**DATASET SECTION**
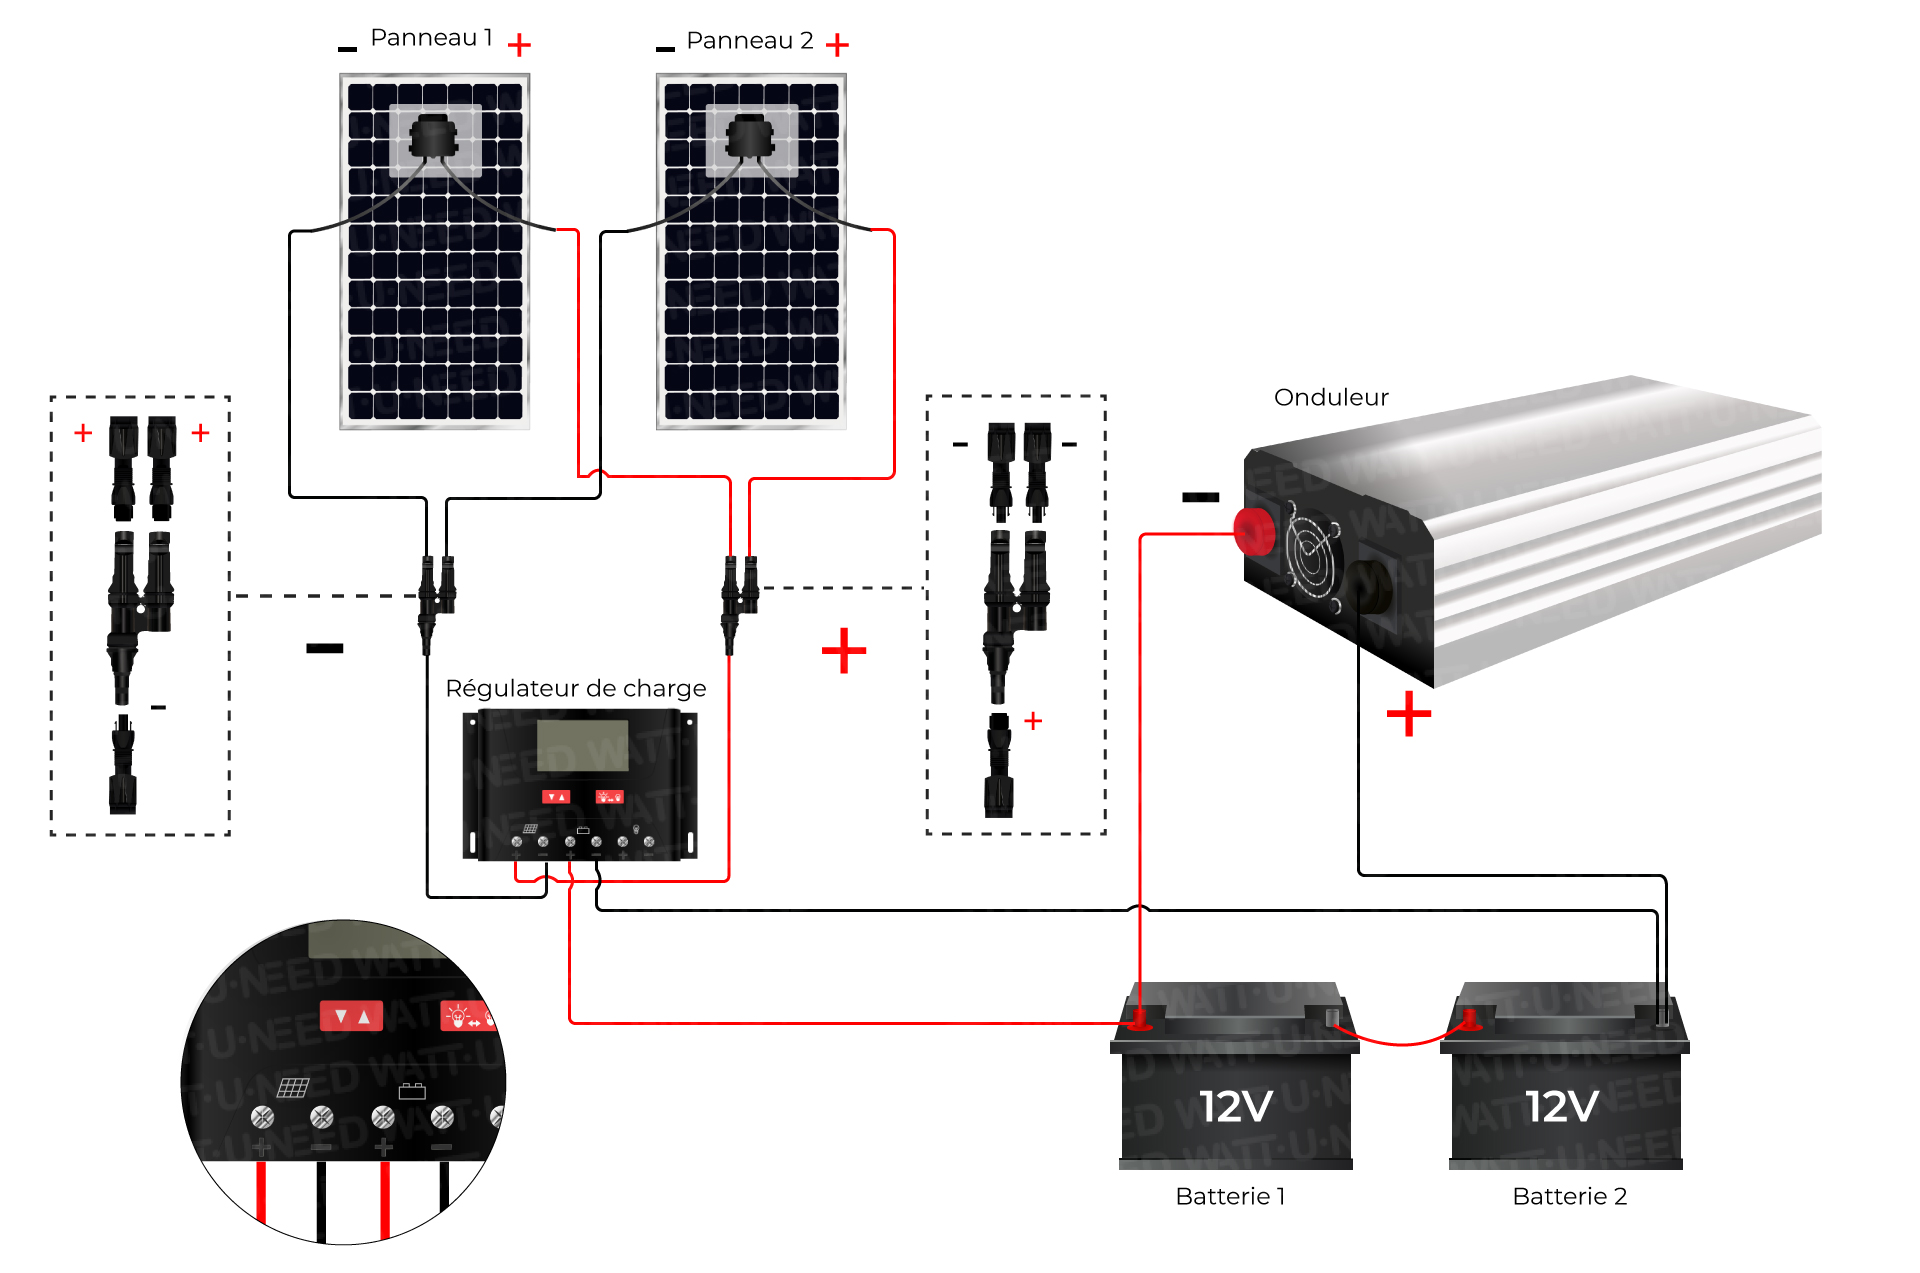 montage d'un kit solaire autonome en 24V
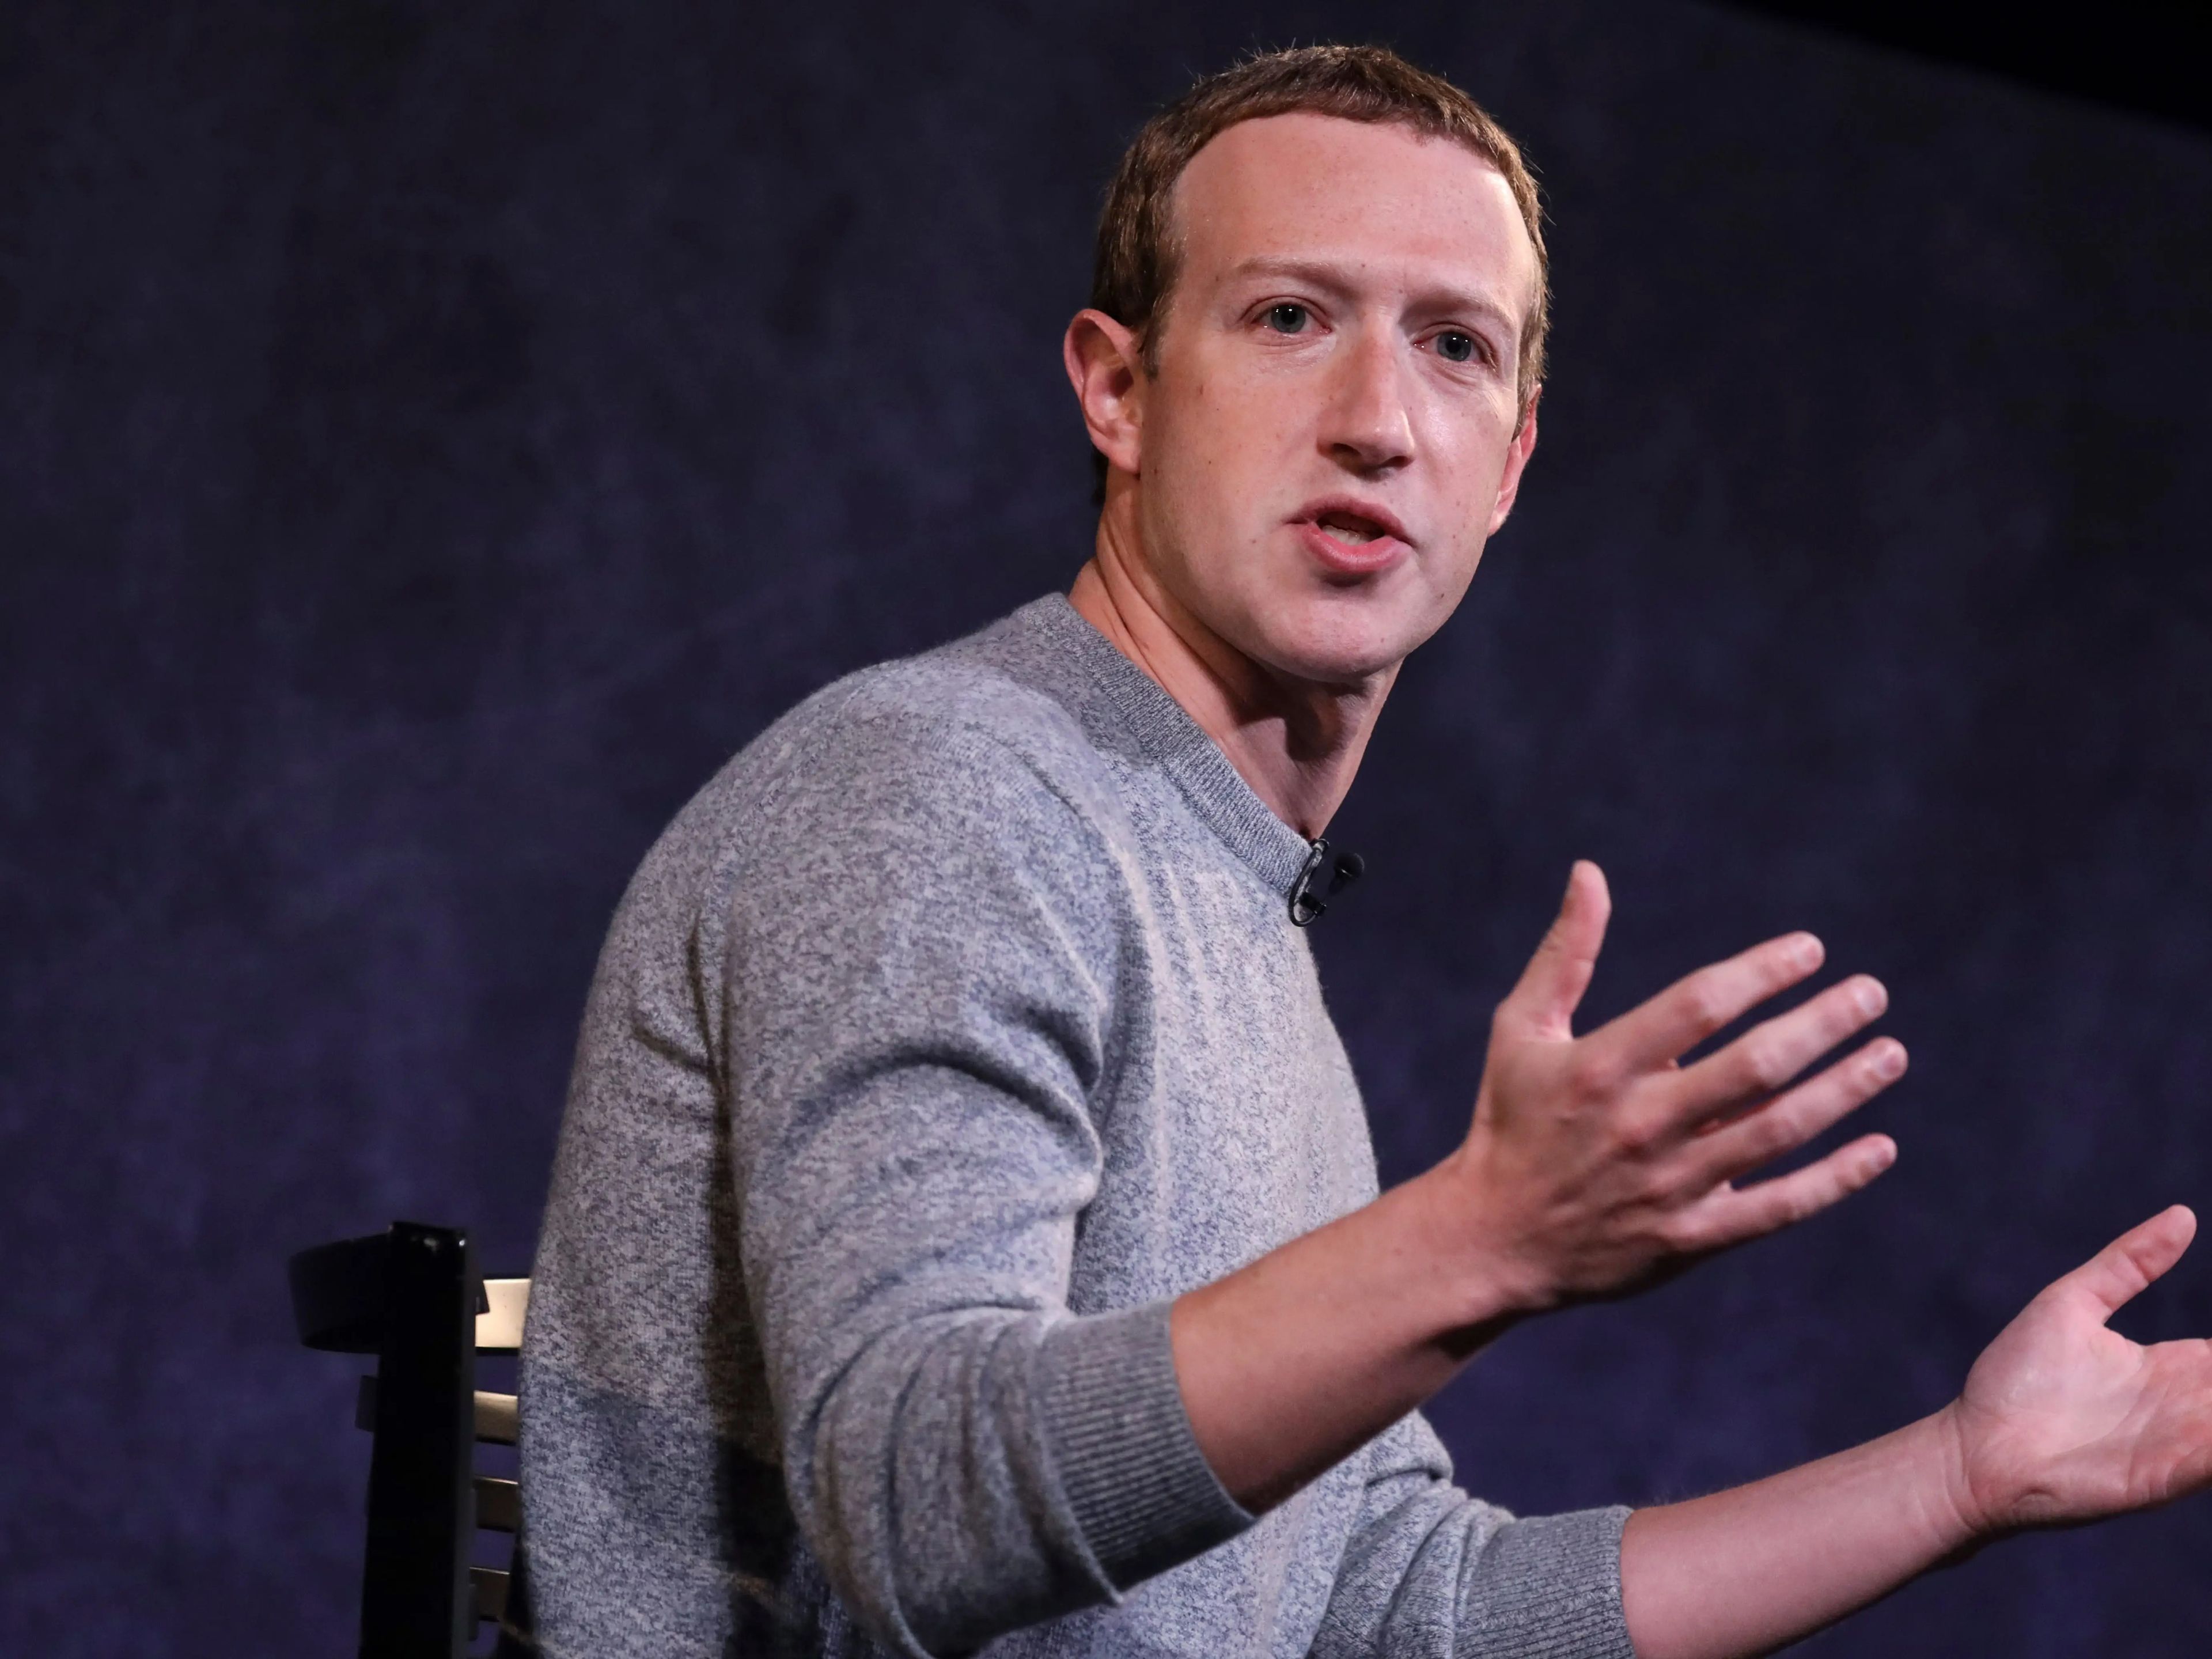 Mark Zuckerberg, CEO de Meta (matriz de Facebook, Instagram y WhatsApp).
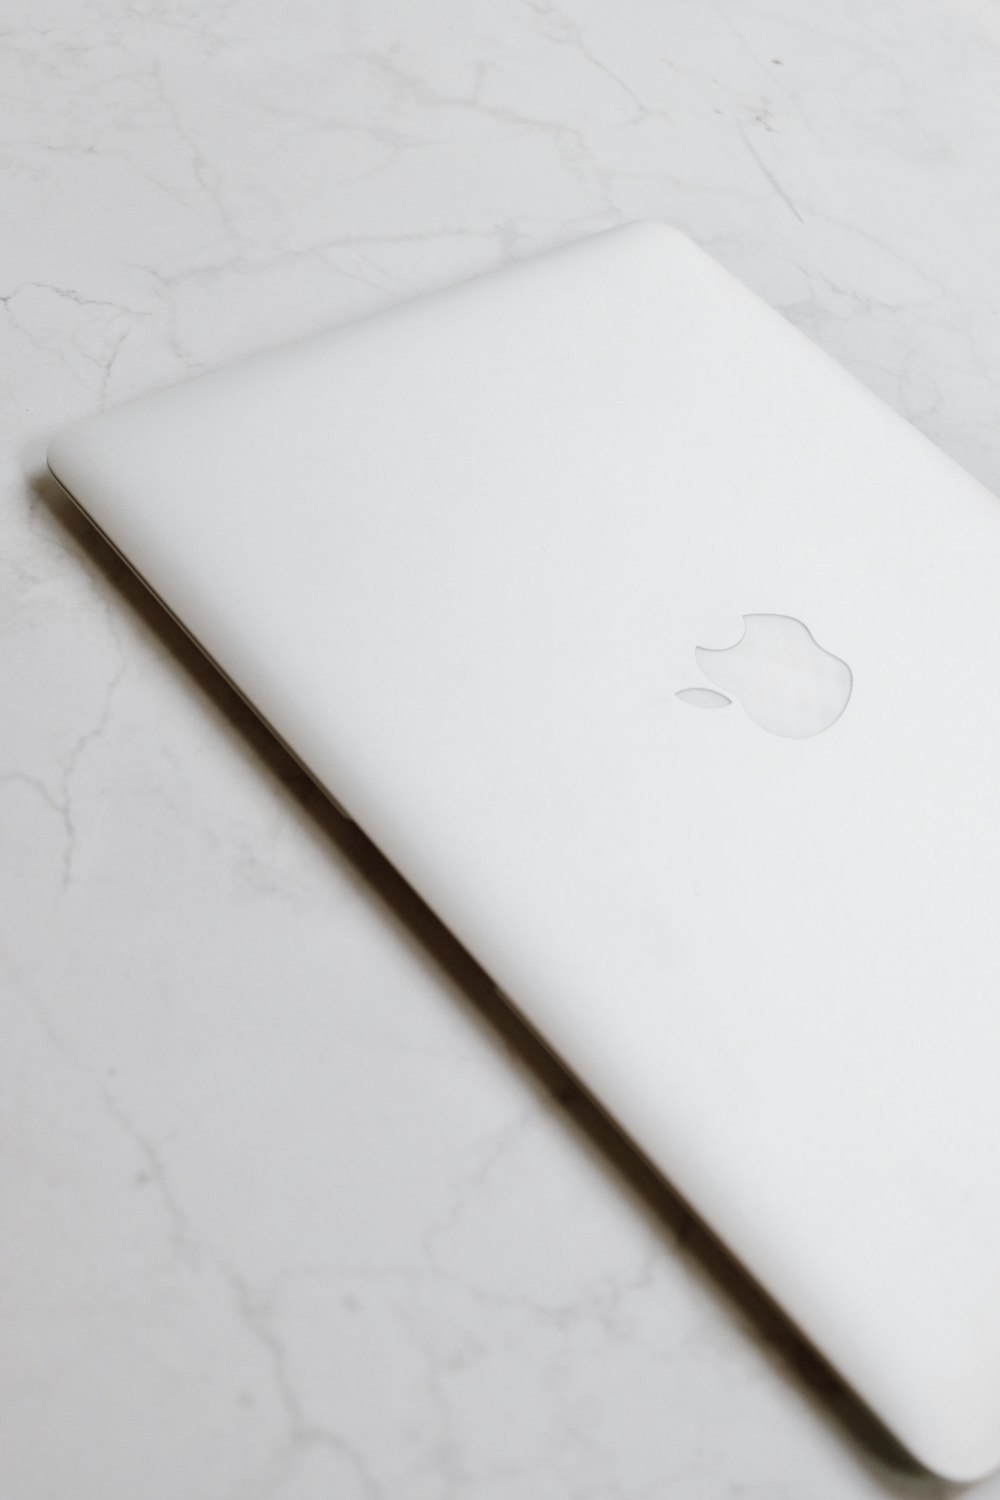 white macbook on white textile

**PROBLEM TO SOLVE**
Only exact repeats of the lines from the one containing "Mark Zuckerberg, CEO" through the end of the listing above are wanted here; pictures are not.

**TASK OUTPUT**
 Mark Zuckerberg, CEO de Meta (matriz de Facebook, Instagram y WhatsApp).
 white macbook on white textile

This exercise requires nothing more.